VSGs are expressed in T. brucei bloodstream forms in 1 of about 20 VSG expression sites (B-ESs) located upstream of the telomere repeats. Upstream of the B-ES promoter there is a large array of 50-bp repeats (up to 15 kb) that is specific to B-ES (44, 51). In ChrI, and probably in most of the other megabase chromosomes containing a B-ES, the 50-bp repeats are preceded by a large region (100 to 300 kb) composed of RIME/ingi retroelements and previously uncharacterized repeats (43). Analysis of the ChrIa sequence (1.1 Mb), recently completed by The Wellcome Trust Sanger Institute (data not shown), revealed the presence of 15 RHS (pseudo)genes clustered upstream of the B-ES in a 150-kb DNA region corresponding to the RIME/ingi-rich region (43). The RIME/ingi-rich region of ChrIa contains only five full-length and probably functional RHS genes (21%), and of the 10 RHS pseudogenes, four are highly degenerate. As was observed for ChrII, all the RIME/ingi retroelements present in the RHS-rich region of ChrIa (seven elements) are inserted into RHS-related (pseudo)genes, suggesting that the RIME/ingi richness of this repetitive region is directly related to the presence of the RHS (pseudo)genes. RIME, ingi, and the RHS (pseudo)genes with their conserved flanking regions constitute most (if not all) of the repetitive sequences in this region.

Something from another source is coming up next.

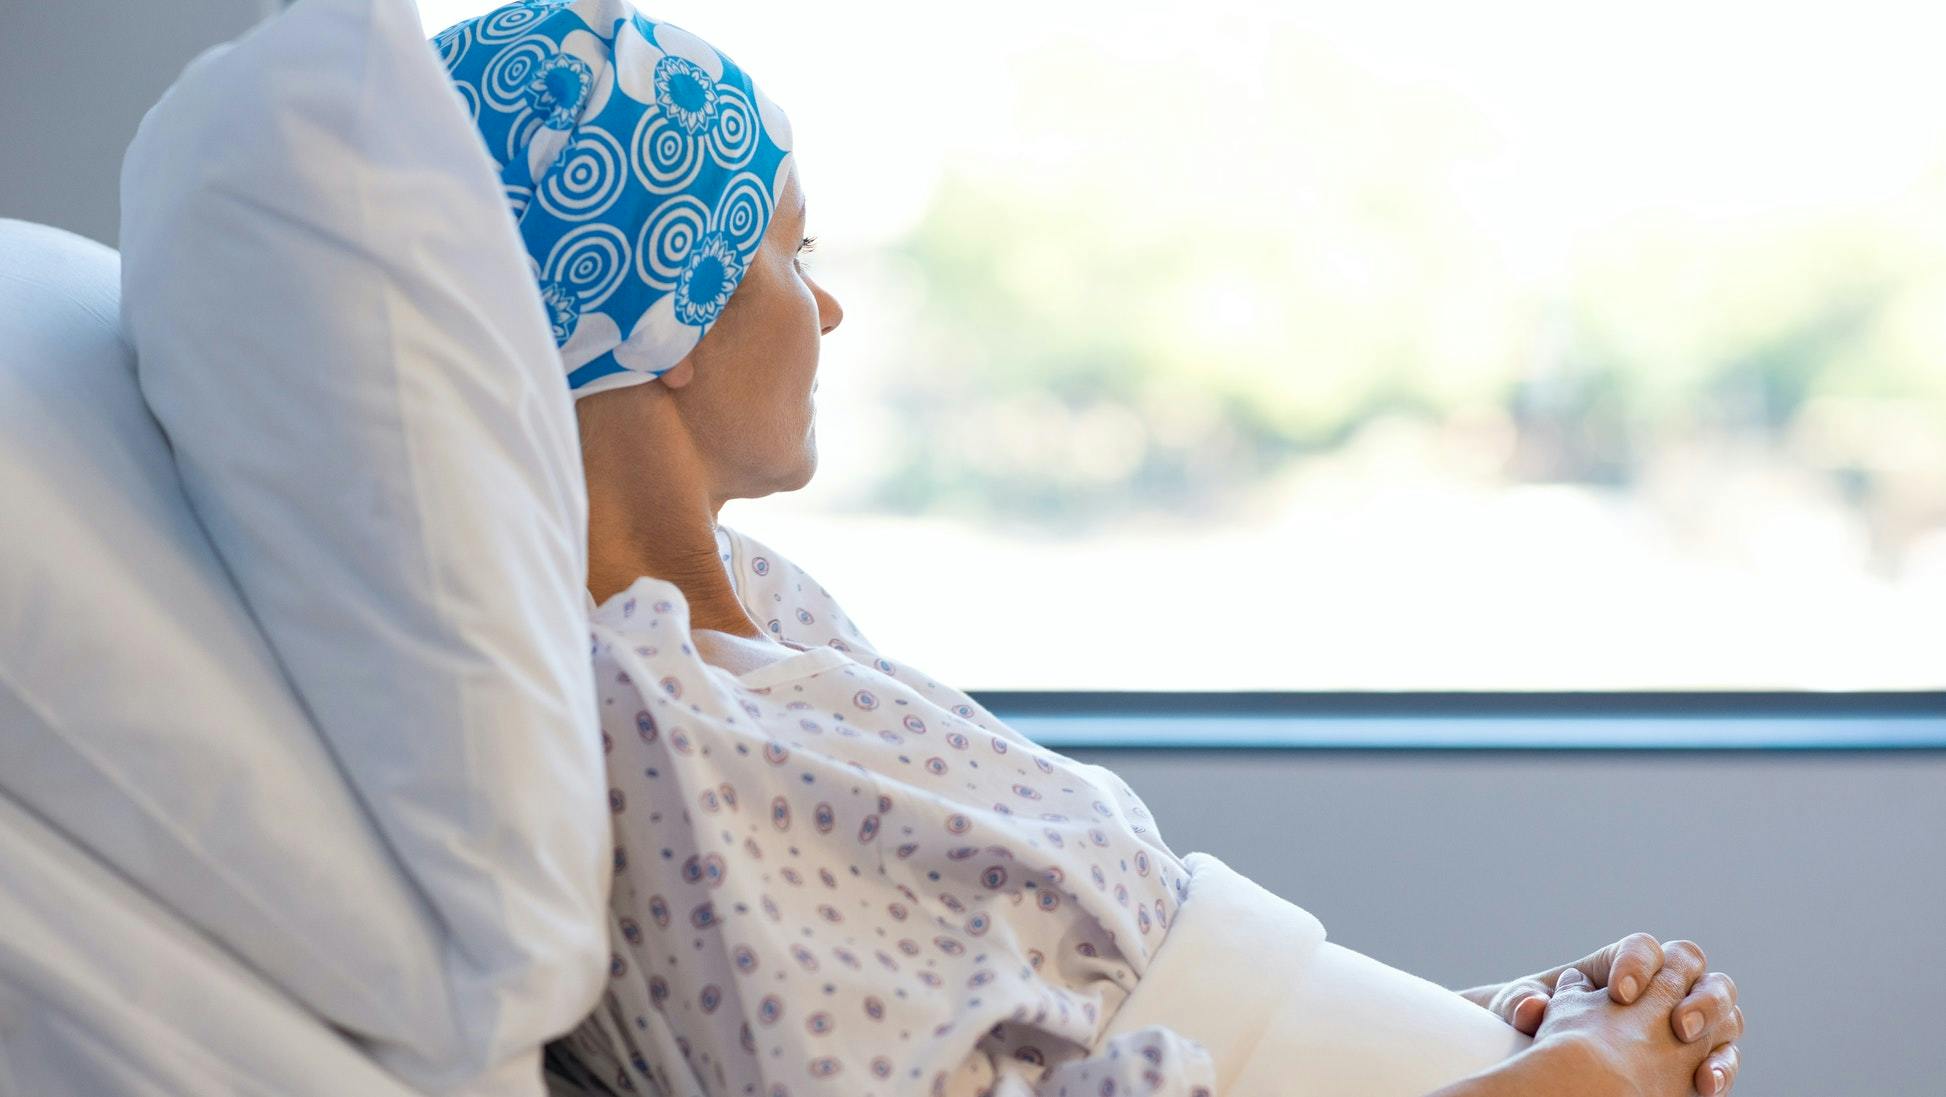 Kemoterapi - bivirkninger ved kemobehandling

Recently, LaCount et al. sequenced a BAC genomic DNA insert (BAC-26P8) containing the active B-ES expressing the VSG10.1 gene of strain TREU927/4 GUTat10.1 and the region (90 kb) upstream of the 50-bp repeats (36). As previously observed for the B-ES flanking region of ChrIa, this 90-kb DNA region is RIME/ingi-rich (six ingis and two RIMEs) and contains uncharacterized repeats (Fig. 9A). We found that this 90-kb repeated region is composed of five RHS pseudogenes (ϕRHS2g and ϕRHS1g contain one and three RIME/ingi retroelements, respectively) and conserved flanking sequences, as shown in Fig. 9B. The extent of the RHS (pseudo)gene cluster flanking VSG10.1-ES may be longer since the region upstream of the BAC-26P8 is not yet sequenced.

To determine if the presence of an RHS (pseudo)gene cluster is a general feature of the regions upstream of B-ESs, we studied the locations of RHS (pseudo)genes and B-ES-associated sequences in the T. brucei (TREU927/4) P1 library. All B-ESs described to date contain ESAG7 and ESAG6 genes downstream of the B-ES-specific promoter region and are separated from the remainder of the chromosome by a 50-bp repeat cluster (Fig. 9). All these sequences are considered to be B-ES specific (44, 51). Interestingly, 72, 73, and 86% of the P1 clones recognized by the 50-bp repeat, B-ES promoter and/or ESAG6/7 probes, respectively, contain RHS sequences. These data strongly support the hypothesis that most, if not all, B-ESs are preceded by RHS sequences.

Presence of RHS-related genes in T. cruzi.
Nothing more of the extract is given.